Un incendie de forêt d'une rare violence, qui a embrasé un massif boisé de la province d'Almeria en Andalousie, est désormais attribué à un câble électrique laissé à l'abandon, selon les premières conclusions des enquêteurs. Le sinistre, qui a causé la mort de douze personnes et dévasté 6 600 hectares de végétation autour de la localité de Los Gallardos, semble enfin amorcer une décrue après deux jours d’une progression jugée fulgurante par les autorités.

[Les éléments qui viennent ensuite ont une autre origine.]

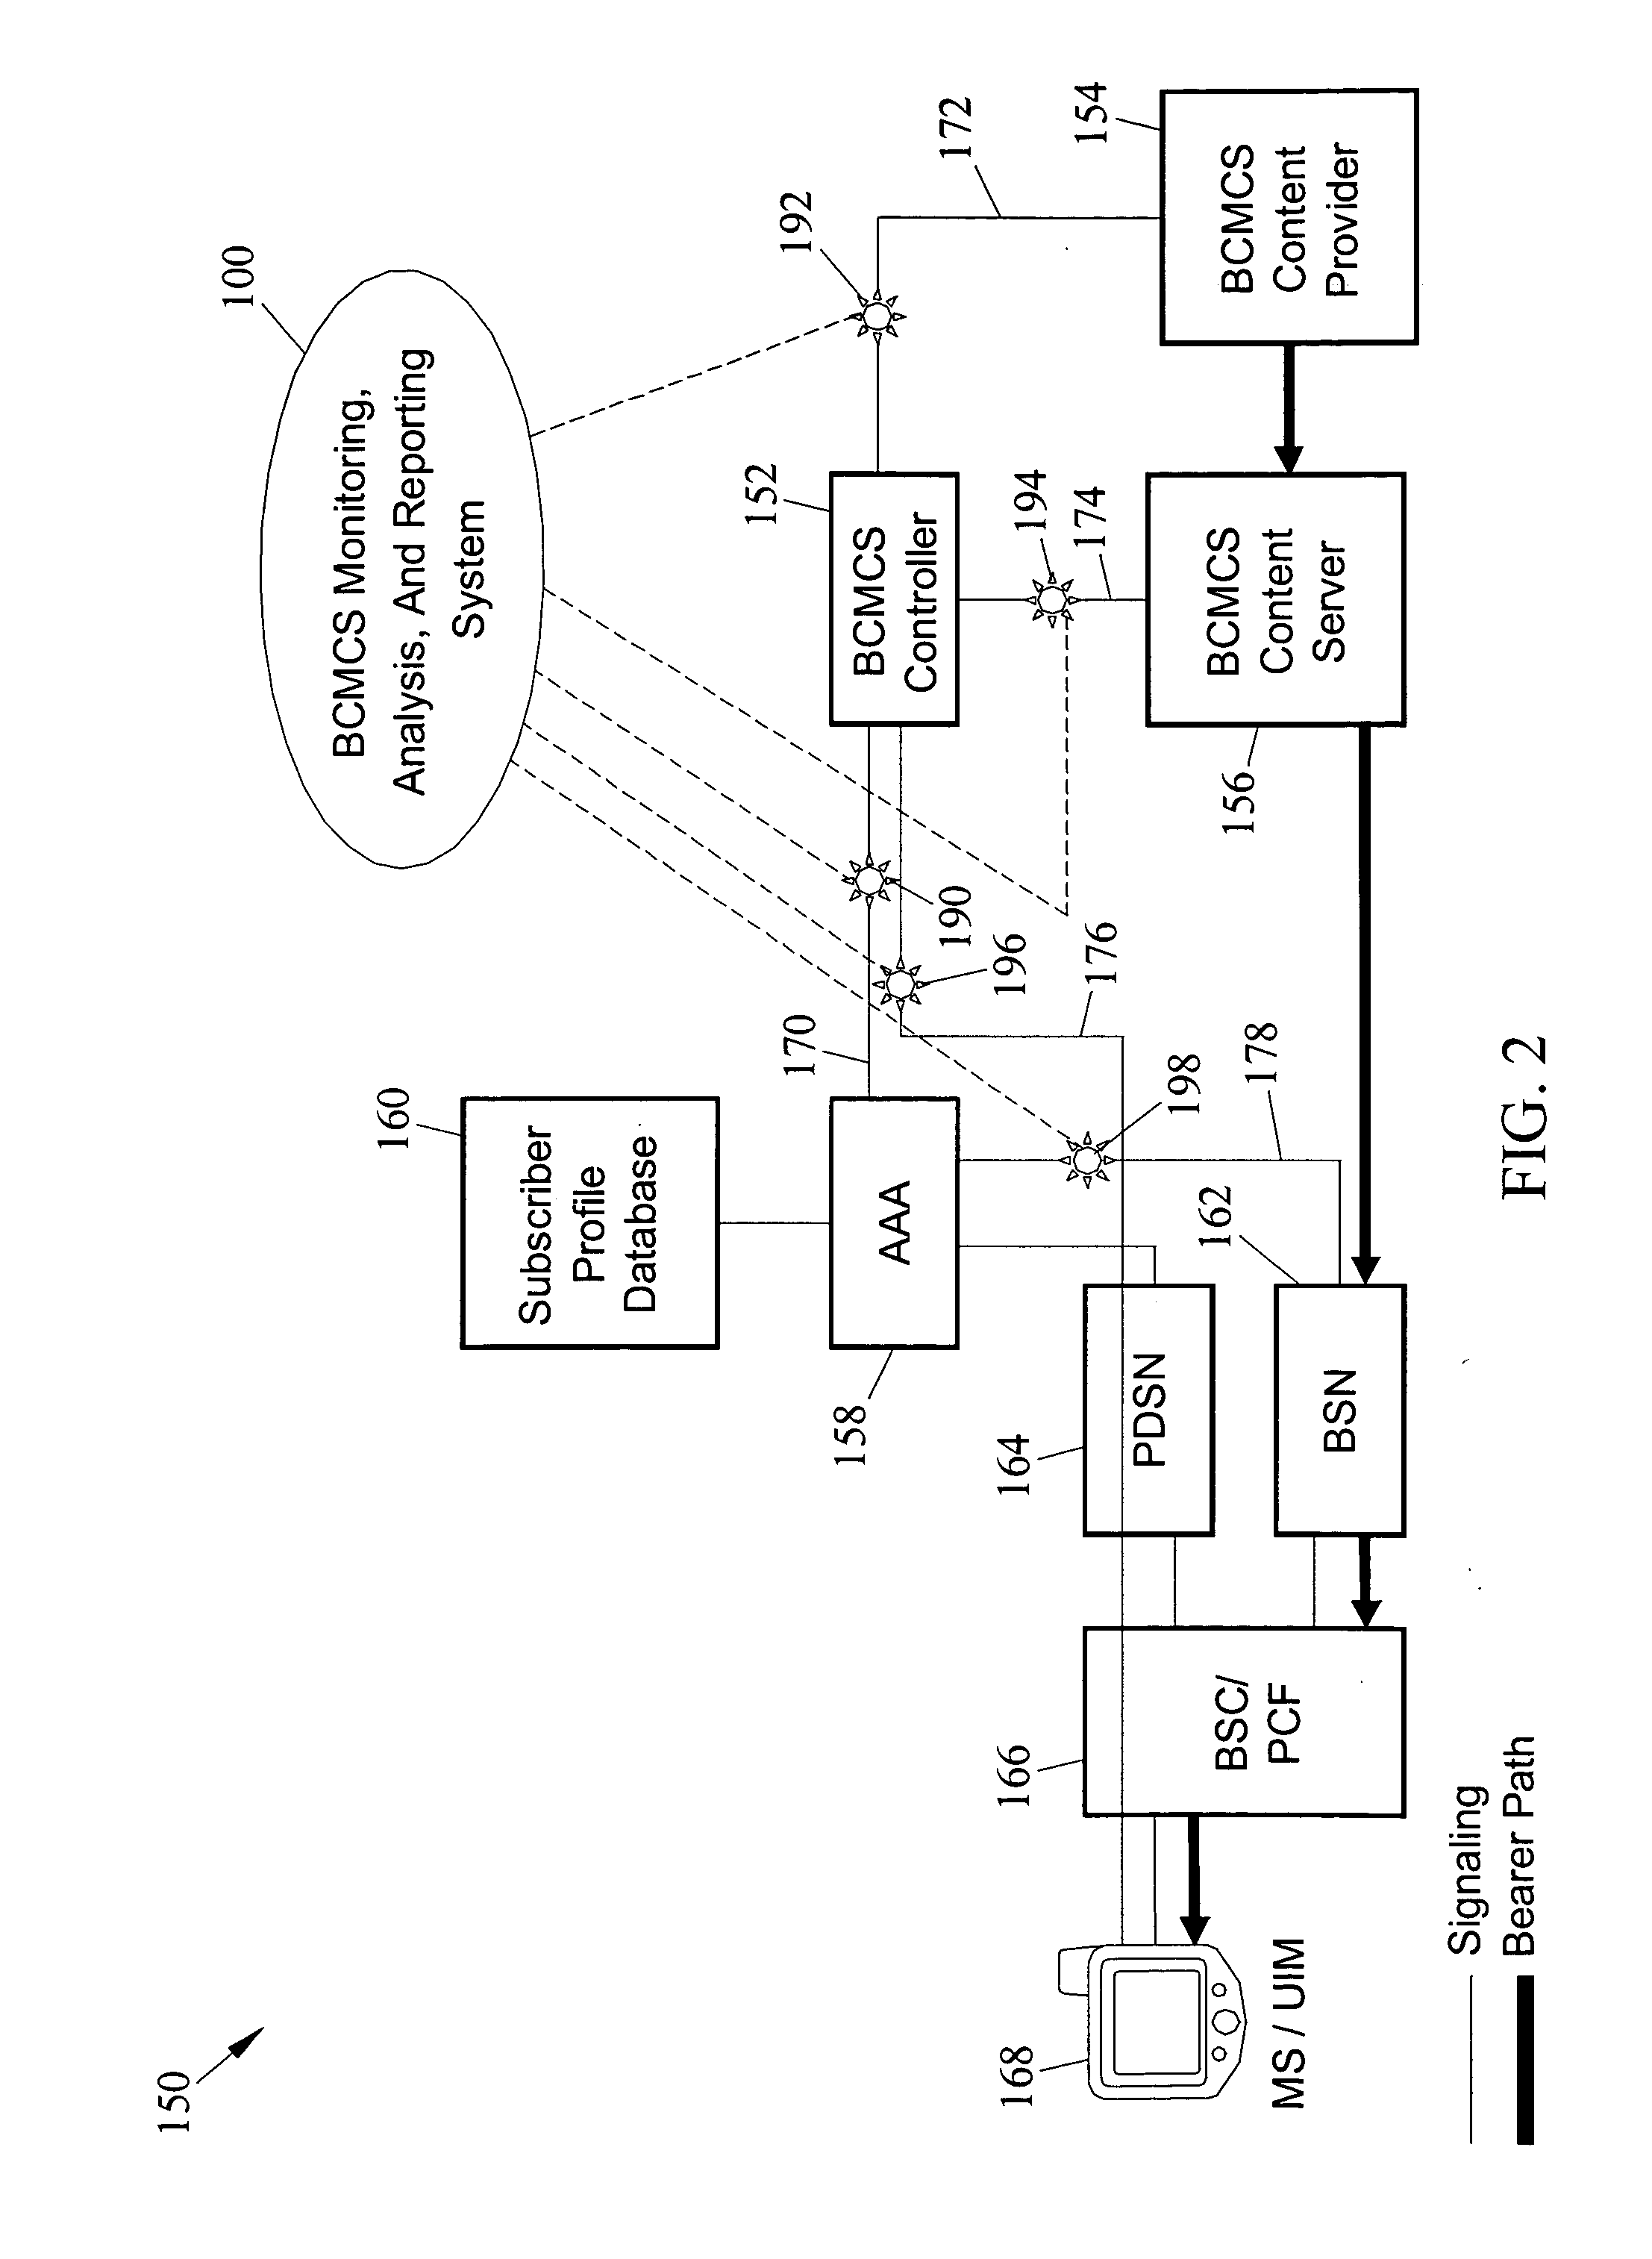 Methods, systems, and computer program products for monitoring and analyzing signaling messages associated with delivery of streaming media content to subscribers via a broadcast and multicast service (BCMCS)

Le feu s'est déclaré dans une zone escarpée, parsemée de ravins et de maisons isolées, des caractéristiques topographiques qui ont accéléré la propagation des flammes. Le ministre espagnol de la Justice, qui s'est rendu sur place, a évoqué une vitesse de propagation atteignant 100 mètres par minute dans les premières heures. Face à cette progression rapide, les services de secours ont ordonné l'évacuation d'environ 1 500 habitants, parmi lesquels figurent de nombreux résidents étrangers, en particulier des Britanniques.

L'enquête se concentre sur un câble hors d'usage

Selon des sources proches de l'enquête, les experts mandatés par la Junte d'Andalousie ont identifié un câble électrique délaissé, non raccordé au réseau, comme étant la cause la plus probable du sinistre. Les investigations se poursuivent pour déterminer les circonstances exactes de l'ignition et vérifier d'éventuelles responsabilités. Cette hypothèse, si elle se confirme, viendrait s'ajouter à une série d'incendies estivaux attribués à des infrastructures électriques vétustes ou mal entretenues dans le sud de l'Espagne.

Un optimisme prudent malgré le drame

Sur le terrain, les quelque 300 pompiers et militaires déployés, appuyés par des moyens aériens composés d'hélicoptères et d'avions bombardiers d'eau, ont réussi à ralentir nettement l'avancée des flammes. Le responsable régional des services de secours d'Andalousie, Antonio Sanz, s'est montré prudent mais confiant sur les ondes de Canal Sur : « Aujourd'hui, nous pouvons déjà regarder la situation avec optimisme et avec la confiance que, si tout se déroule comme cela se passe, pour la première fois, nous pourrions commencer à envisager une future stabilisation » du sinistre. Il a toutefois souligné que la nuit serait cruciale pour consolider ces acquis.

Bédar, hameau fantôme

Épicentre du drame, le hameau de Bédar offrait un paysage lunaire. « On a eu très, très peur. On voyait les flammes. Ça a été terrible », a confié Manoli Ramos, 72 ans, conseillère municipale de la localité, encore marquée par les événements. Les murs noircis par le feu, les rues désertes et les maisons aux volets clos témoignaient de la violence du passage des flammes. Sur un balcon, un drapeau anglais à la croix de Saint-Georges flottait, rappelant la forte communauté britannique évacuée.

Un précédent incendie, en 2012, avait déjà frappé le secteur, mais les habitants décrivent cette fois une intensité bien supérieure. « En 2012, il y avait eu un grand incendie ici au village. Ils avaient évacué à partir de midi ou quelque chose comme ça, jusqu'au lendemain. Le lendemain, ils ont renvoyé tout le monde au village, dans leurs maisons, et ça allait. Mais cette fois-ci, ça a été horrible. Ça a été un enfer », a témoigné une résidente.

Bilan humain et réponse politique

Le bilan officiel, confirmé par les autorités andalouses, s'établit à douze morts, sans qu'aucun nouveau décès n'ait été signalé depuis vendredi. Les opérations de recherche de disparus, qui avaient suscité de vives inquiétudes, ont été closes. Le Premier ministre espagnol, Pedro Sánchez, a annoncé sa visite sur les lieux pour rencontrer les équipes de secours et les sinistrés.

Alors que la région souffre d'une sécheresse persistante et de températures anormalement élevées, cet incendie relance le débat sur la prévention des feux de forêt et l’entretien des infrastructures électriques en milieu rural. Les autorités locales ont promis une enquête approfondie et, si la cause se confirme, des poursuites pénales pourraient être engagées.